O sistema de pagamentos instantâneos Zelle, utilizado nos Estados Unidos, entrou no centro das discussões nas redes sociais nesta quinta-feira (4), após o ex-deputado Eduardo Bolsonaro comparar a plataforma ao PIX durante entrevista à rádio TMC. O tema ganhou repercussão em meio às críticas do governo de Donald Trump ao modelo brasileiro, que tem sido apontado por autoridades americanas como um sistema favorecido pelo país em detrimento de empresas dos Estados Unidos.
Embora ambos permitam transferências eletrônicas entre usuários, PIX e Zelle possuem diferenças importantes em relação à gestão, abrangência e funcionamento.
Sistema público e iniciativa privada
Lançado em 2020 pelo Banco Central do Brasil, o PIX é um sistema público de pagamentos instantâneos. Além de desenvolver a ferramenta, o Banco Central é responsável pela regulamentação e pela infraestrutura tecnológica que garante seu funcionamento.
Já o Zelle foi criado em 2017 pela Early Warning Services, uma empresa controlada por grandes bancos americanos, entre eles Bank of America, Capital One, JPMorgan Chase e Wells Fargo. Diferentemente do PIX, trata-se de uma iniciativa privada do sistema bancário dos Estados Unidos.
Alcance e integração
Uma das principais diferenças está na integração com o sistema financeiro. O PIX está disponível em praticamente todos os bancos, fintechs e instituições financeiras autorizadas pelo Banco Central.
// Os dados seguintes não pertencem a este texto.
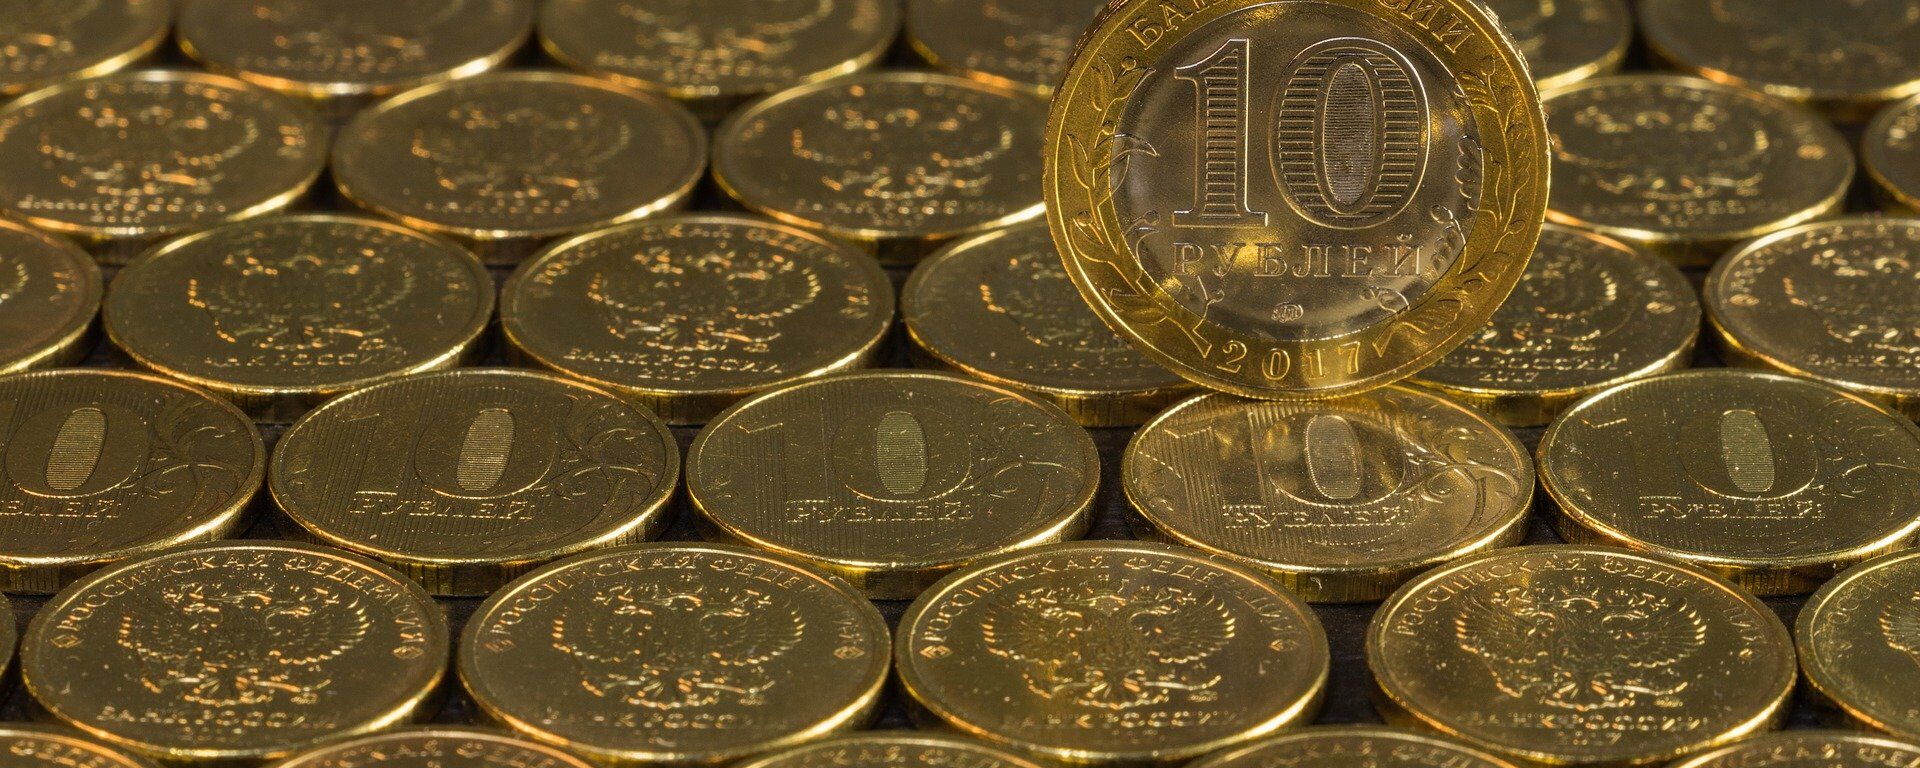 Монеты достоинством 10 рублей, архивное фото - Sputnik Таджикистан, 1920, 05.02.2021

O Zelle, por sua vez, funciona apenas nas instituições participantes da plataforma. Segundo dados oficiais, o serviço está presente em mais de 2.400 aplicativos de bancos e cooperativas de crédito.
O alcance do PIX também chama atenção. Dados do Banco Central indicam que cerca de 80% da população brasileira utiliza a ferramenta, o equivalente a mais de 170 milhões de pessoas físicas.
Aplicações no cotidiano
O PIX possui uma gama mais ampla de usos. Além das transferências entre pessoas, o sistema permite pagamentos em estabelecimentos comerciais, prestação de serviços, transações entre empresas, recolhimento de tributos e pagamento de contas e boletos.
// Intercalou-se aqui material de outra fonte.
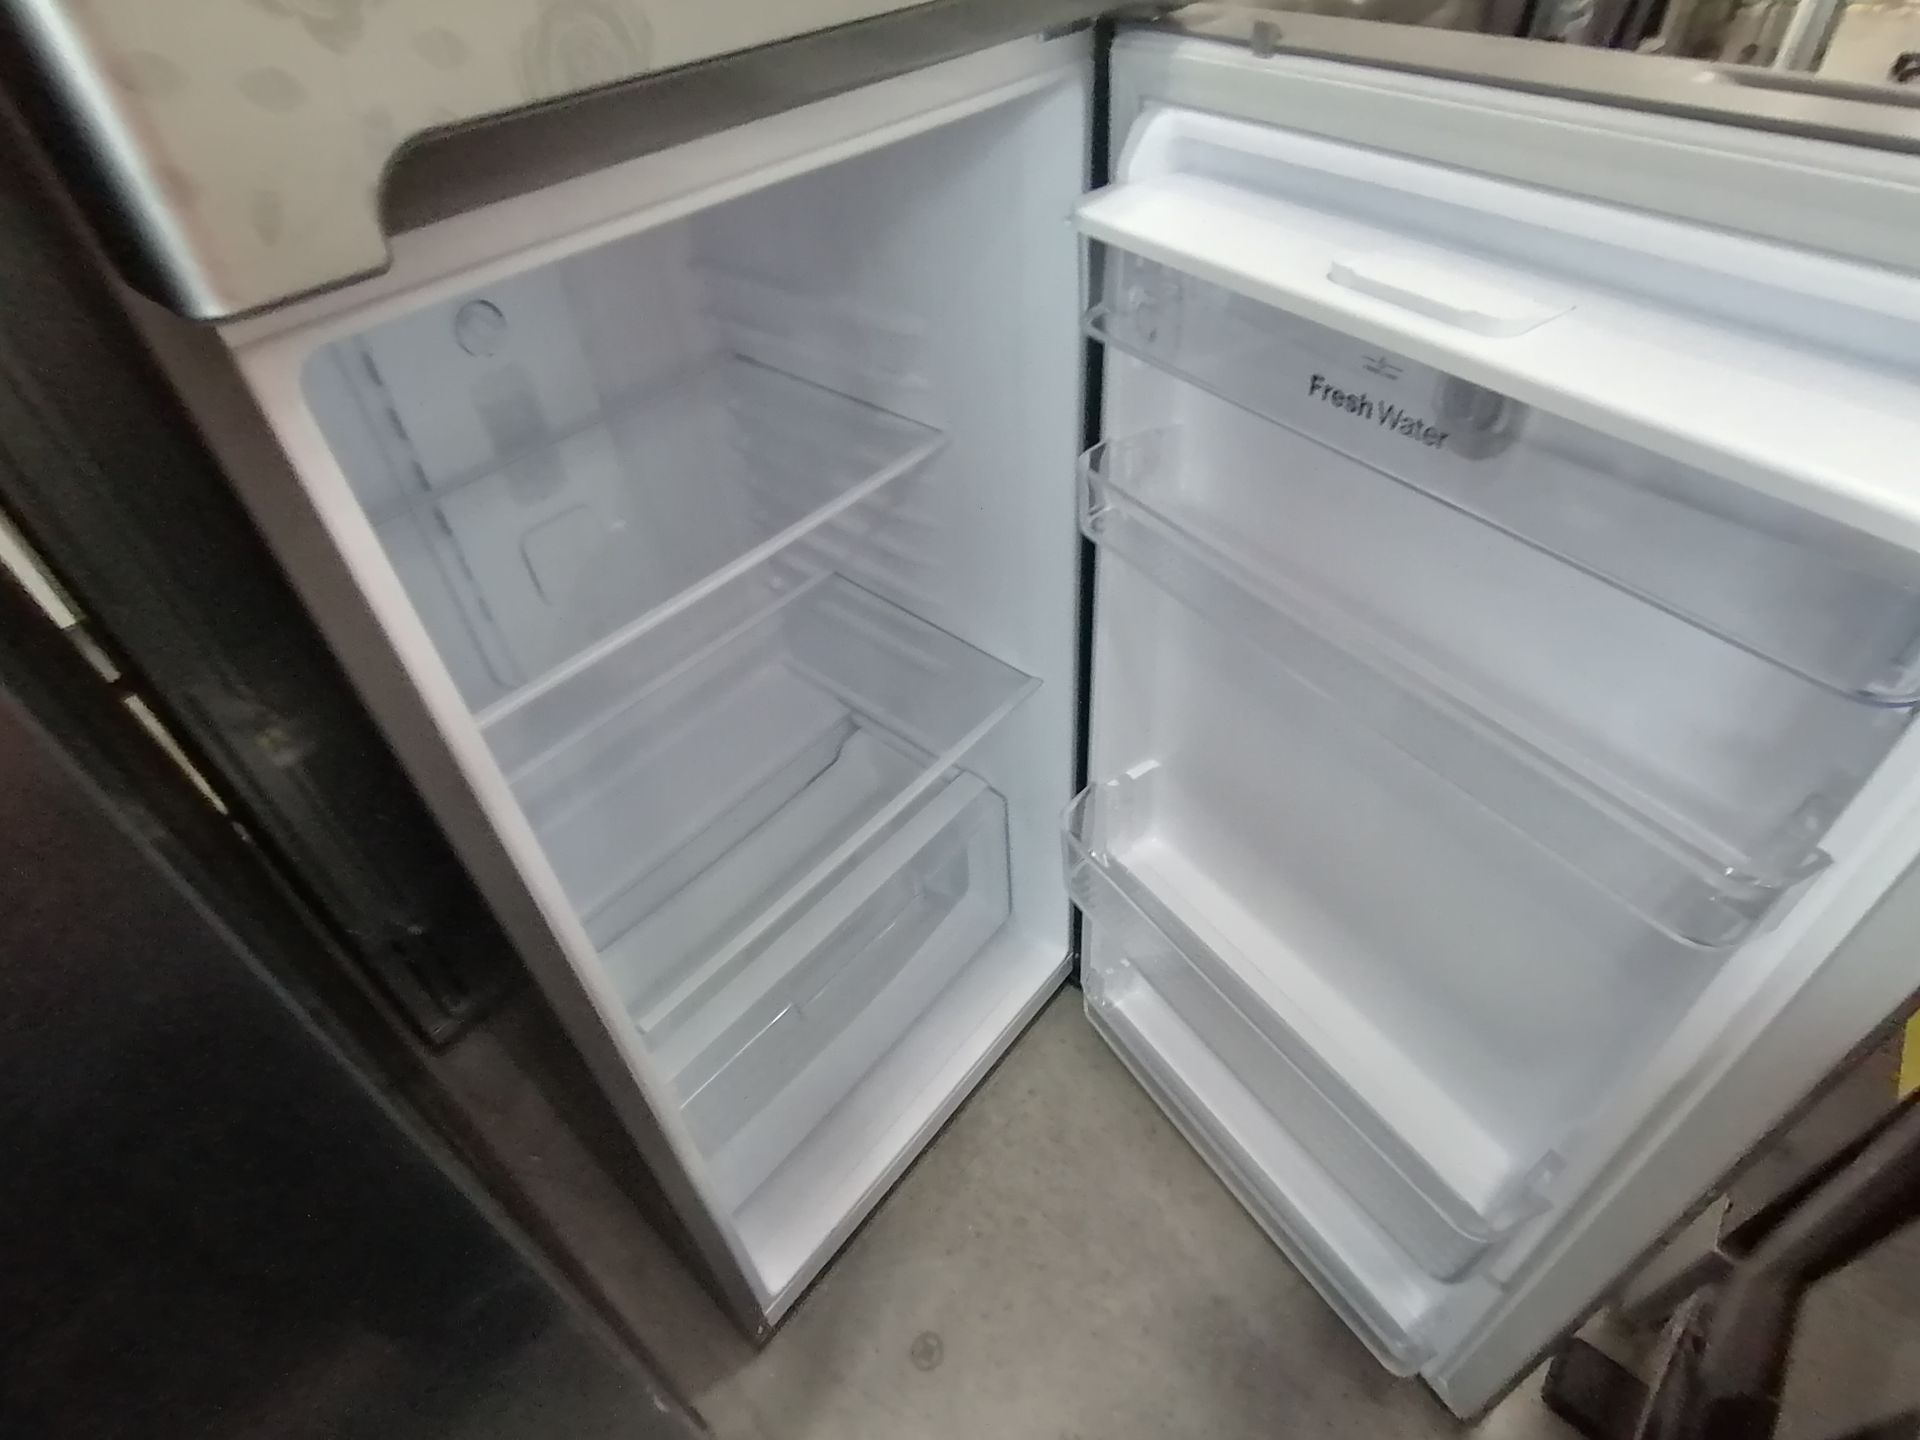 1 Refrigerador Marca Samsung, Modelo RS28T5B00B1, Serie 0B2V4BBT300531L, Color Gris, Golpeado, Favo - Image 13 of 17

O Zelle é utilizado principalmente para transferências entre pessoas e pequenas empresas, sem a mesma diversidade de aplicações observada no sistema brasileiro.
Outro diferencial é o custo. Para pessoas físicas, o PIX é gratuito. Empresas podem pagar tarifas, mas geralmente menores do que as cobradas em outros meios de pagamento. No caso do Zelle, a cobrança depende da política de cada banco, embora a maioria das instituições participantes não cobre taxas dos consumidores.
Velocidade das operações
As transferências via PIX são concluídas em poucos segundos, funcionando 24 horas por dia, todos os dias da semana.
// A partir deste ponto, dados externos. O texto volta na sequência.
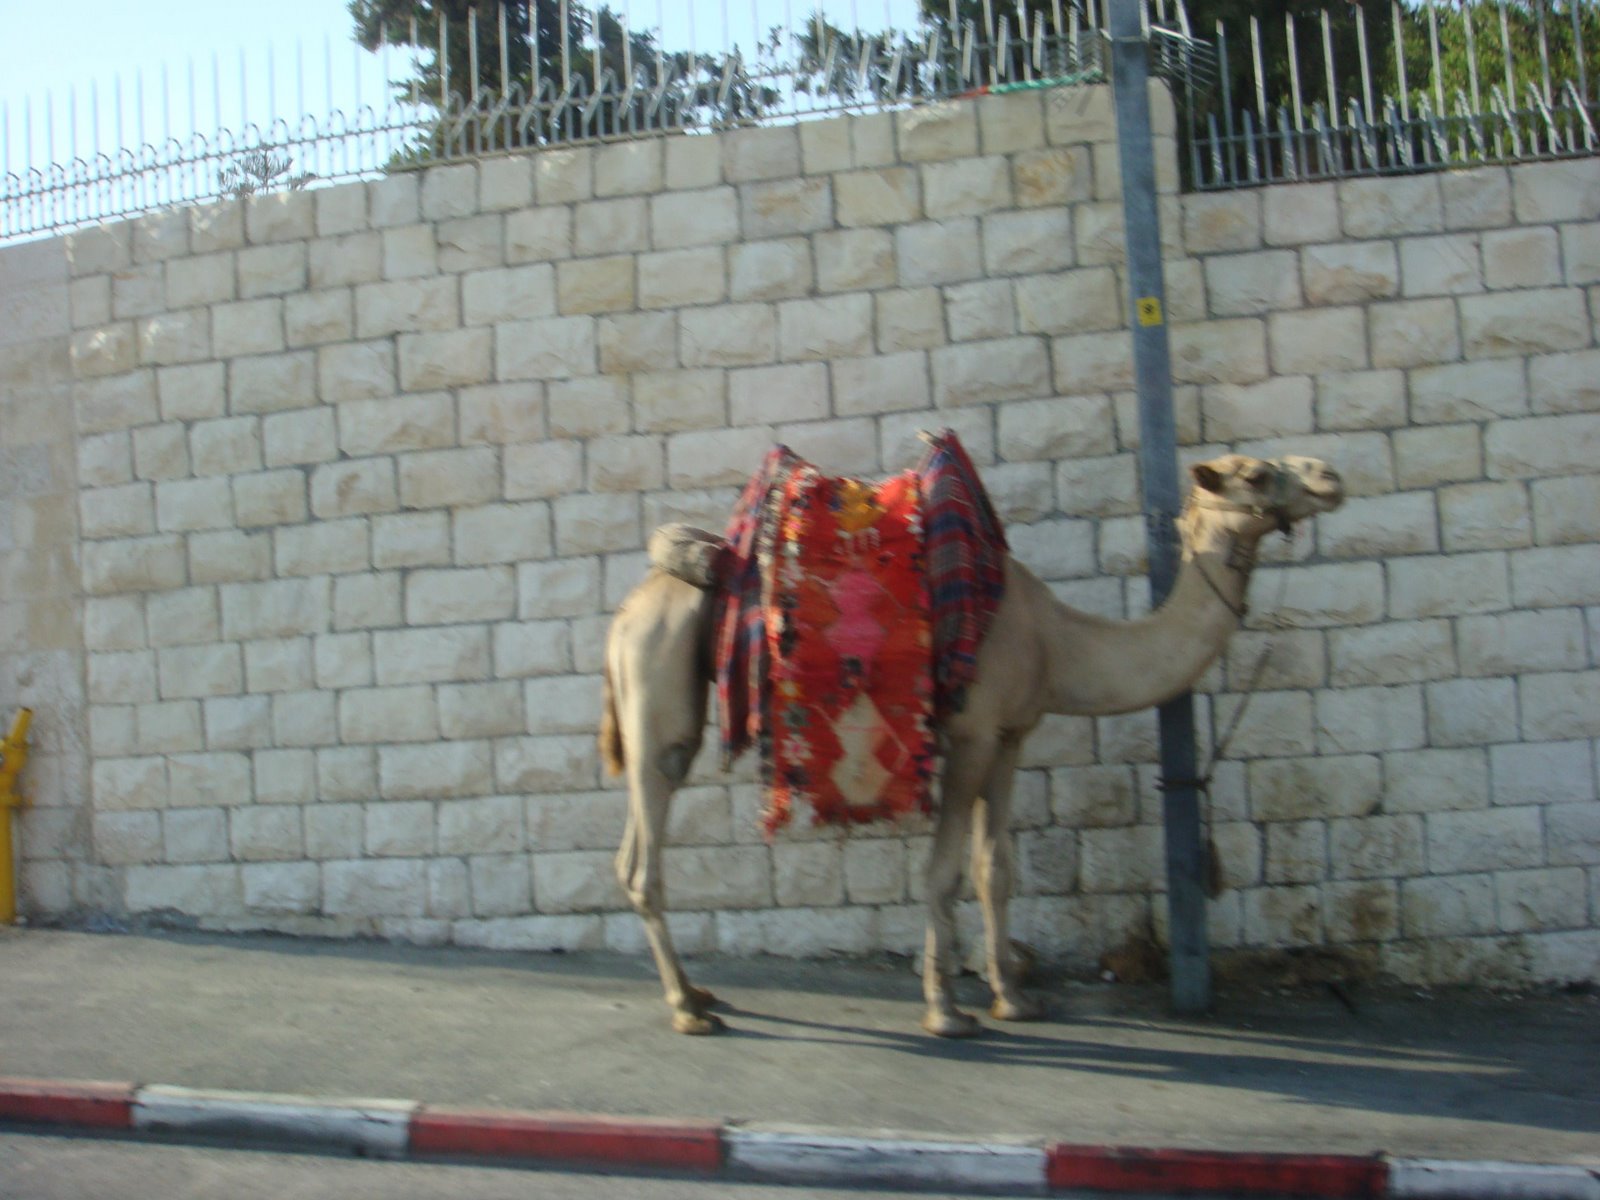 [camel.JPG]

No Zelle, embora o envio também seja rápido, a disponibilização do valor pode levar alguns minutos até que o destinatário tenha acesso ao dinheiro.
É possível cancelar uma transferência?
O Zelle permite o cancelamento apenas quando o destinatário ainda não está cadastrado na plataforma. Caso a pessoa já esteja registrada, o valor é transferido diretamente para sua conta bancária e não pode ser revertido pelo sistema.
No Brasil, o PIX conta com o Mecanismo Especial de Devolução (MED), criado para auxiliar vítimas de golpes e fraudes. No entanto, o ressarcimento não é garantido e depende da análise do caso e da existência de saldo na conta do recebedor.
Quando o envio ocorre por engano, o Banco Central orienta que o usuário procure sua instituição financeira para tentar recuperar o valor. Além disso, o sistema permite que o próprio recebedor devolva o dinheiro diretamente pelo aplicativo bancário.